「JKエレジー」のストーリー

群馬県桐生市。遊園地の売店でアルバイトする高校三年生の梅田ココア(希代彩)は、将来に希望が見出せずにいた。学校の成績は優秀だったが、家庭は貧しく、同居する家族はギャンブル狂の父・シゲル(川瀬陽太)、そして兄・トキオ(前原滉)は元漫才師のニート。ココアは、自分がそんな2人の犠牲になっていると感じながら日々を過ごしていた。その一方で、彼女には秘密があった。学校とバイトの合間に、あるビデオに出演していたのだ。それは、ネット上などで一部の愛好家が楽しむ“クラッシュビデオ”と呼ばれるもの。“クラッシュビデオ”とは、“小動物や植物、食べ物など、形あるものが女性に踏み潰され、破壊される様を見て性的欲求を満たす目的で作られた動画”のことだった。当初は、兄の元相方であるカズオ(猪野広樹)から無理やり頼まれて出演したものだったが、次第にココア自身も踏み潰ことに快感を覚え、乗り気になっていた。そんなある日、大学に特待生奨学金制度があることを知ったココアは一念発起。進学を目指すこと決意する。数少ない友人のサクラ(芋生悠)は大学進学を希望、もう1人の友人アイコ(小室ゆら)は、年上の彼氏と付き合う中で妊娠が判明し、母親になるつもりでいた。それぞれ進路や将来を見据えた2人と過ごすうち、自らの将来に希望を見出していくココア。その矢先、クラッシュビデオ出演が学校に知られてしまう。推薦を取り消され、学校に居場所を失ったココアは、進学を諦めることになり、友人たちとも疎遠に……。

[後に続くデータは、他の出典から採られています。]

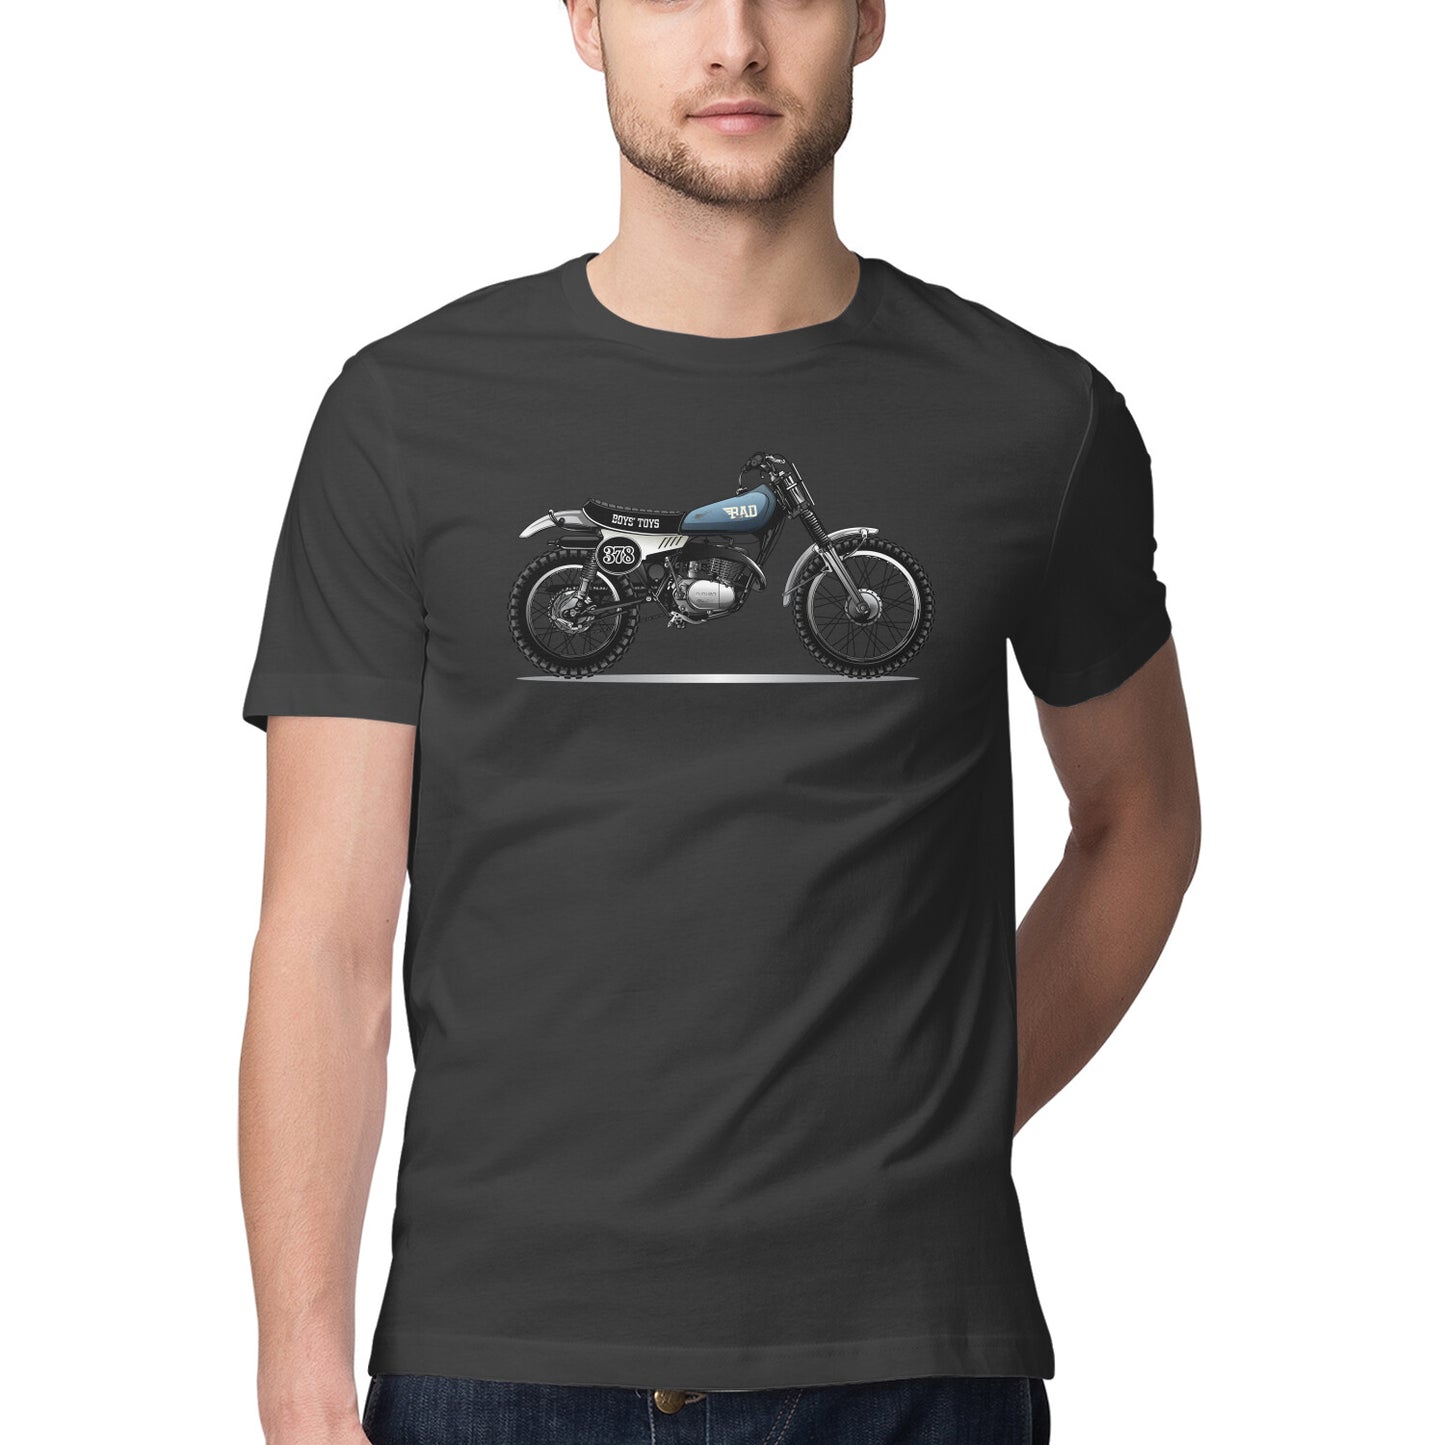 Bike

絶望の中、ココアにとっての僅かな希望は、ビデオ出演でコツコツ貯めたお金だった。しかしその貯金も、兄が無断で持ち出し、なくなってしまう。一方、カズオは、ビデオ販売の件で横山(阿部亮平)とトラブルになり、金を強奪して逃走。絶望の中、交錯するココアとカズオ。そして、ココアの身を案じる友人たち。ココアの決意はいかに……。